The variability of calcification in the laryngeal cartilages can create a diagnostic problem.
CT scanning, sectional image data acquisition, and 3-dimensional (3-D) airway image reconstruction have become increasingly useful in head and neck surgery. [8, 9, 13, 14, 15, 16, 17, 18, 19]
CT images of tracheal stenosis are displayed below.
The acquired images provide detailed information regarding the tracheobronchial tree and its associated pathology. Moreover, 2-D and 3-D images that are generated by CT scan data provide additional information regarding airway pathology. [19] A variety of computer-processing algorithms can be applied in acquired CT scan data, including multiplanar reformatting (MPR), shaded surface display (SSD), maximum or minimum intensity projection (MIP), and volume-rendering techniques (VRT), as well as a more recent technique, virtual endoscopy (VE).
Conventional coronal CT scanning allows visualization of the frontal view anatomy without a superimposed spine. This technique enables satisfactory analysis of the vertical extent of the tracheal stenosis or stricture, but conventional coronal CT scanning is only used occasionally because of its limited gray-scale ability to differentiate soft tissue.
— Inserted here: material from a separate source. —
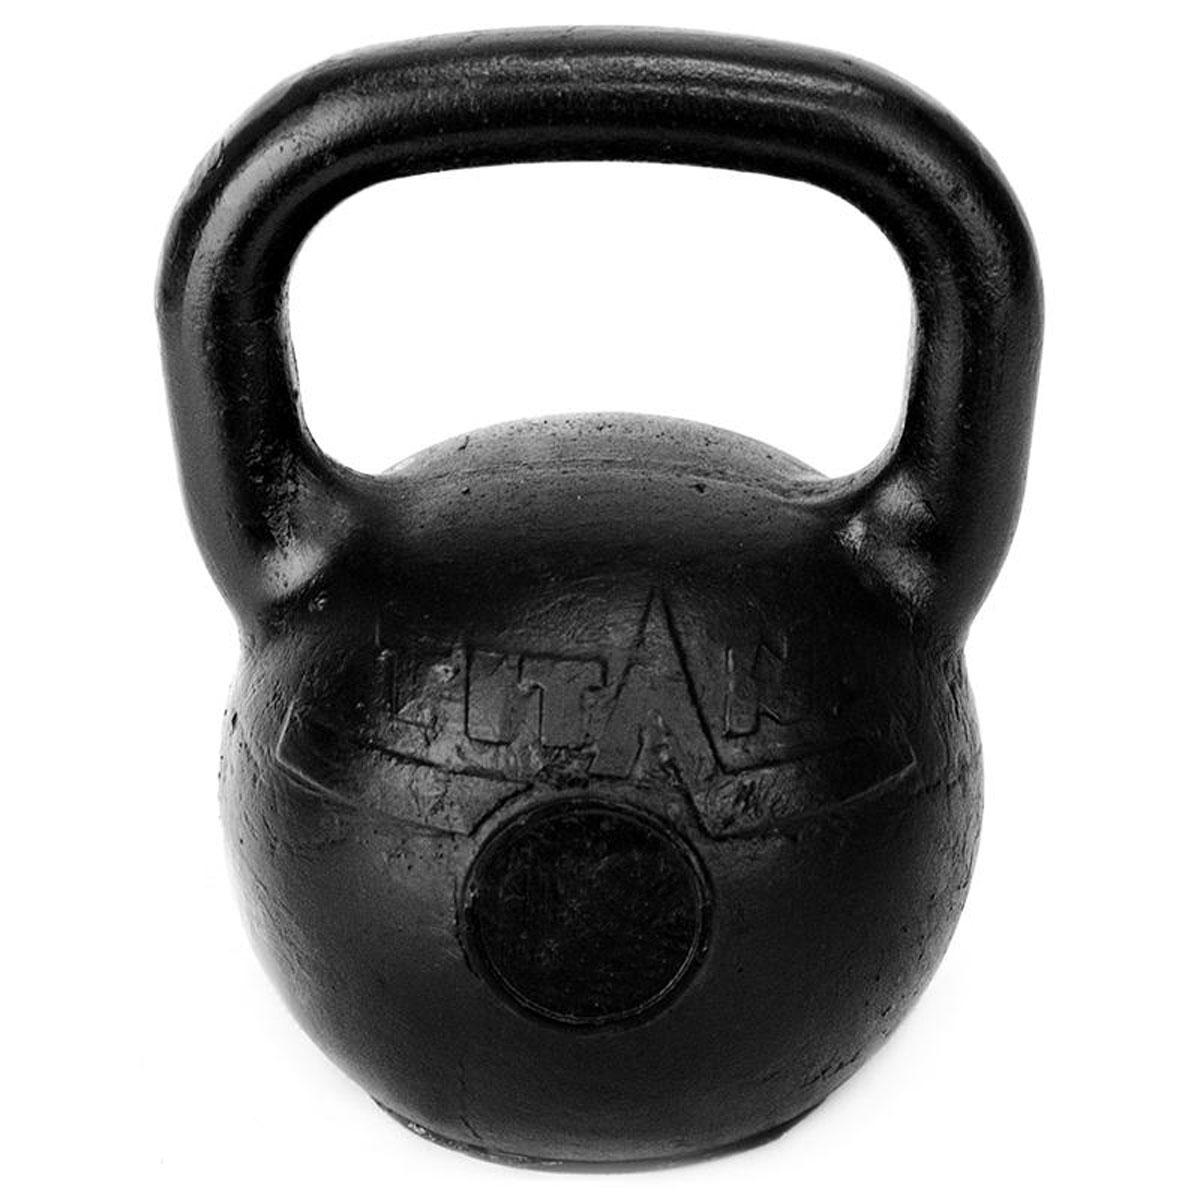 Гиря чугунная Titan, 16 кгTITAN-16Гиря Titan выполнена из высококачественного прочного чугуна. Эргономичная рукоятка не скользит в руке, обеспечивая надежный хват. Чугунная гиря прочна, долговечна, устойчива к коррозии и температурам, поэтому является одними из самых популярных спортивных снарядов. Гири - это самое простое и самое гениальное спортивное оборудование для развития мышечной массы. Правильно поставленные тренировки с ними позволяют не только нарастить мышечную массу, но и развить повышенную выносливость, укрепляют сердечнососудистую систему и костно-мышечный аппарат. Вес гири: 16 кг.

However, airway images, especially with the added sagittal projection, are excellent.
The best compromise among the combined factors of CT-scan airway measurement precision, patient breath-holding time, and total x-ray dose is the use of a 3-mm section thickness, a reconstruction interval of 1.5 mm, and a maximal pitch of 1.3-1.5, as well as the application of the edge-enhancing modus.
Inner-surface reconstructions that are calculated from helical CT scan data sets offer a diagnostic option for upper airway assessment. With special software, it is possible to create a virtual and continuous endoscopic overview of the inner surface of a hollow viscera on a monitor; these images are similar to endoscopic views and have been compared with the intraoperative findings in patients with laryngeal or tracheal stenoses. Excellent results have been reported and have led to the conclusion that virtual endoscopy offers a valuable overview for assessing the extent and location of the stenoses.
Xiong et al reported the sensitivity of CT scan-based virtual bronchoscopy (CTVB) in detecting central tumors as 93.3%, with an accuracy of 93.5%. [16] A study by Hoppe et al resulted in a 90% sensitivity for detecting stenoses of the central airways with CTVB, a specificity of 96.6%, and an accuracy of 95.5%. [20] Furthermore, Koletsis and colleagues demonstrated that detection of tracheal stenoses with VE was comparable to that of fiberoptic bronchoscopy, but VE had the added advantage of detecting additional stenoses beyond the areas the bronchoscope could not traverse. [21] These findings possibly indicate that VE has high diagnostic yield in the setting of multiple stenotic lesions.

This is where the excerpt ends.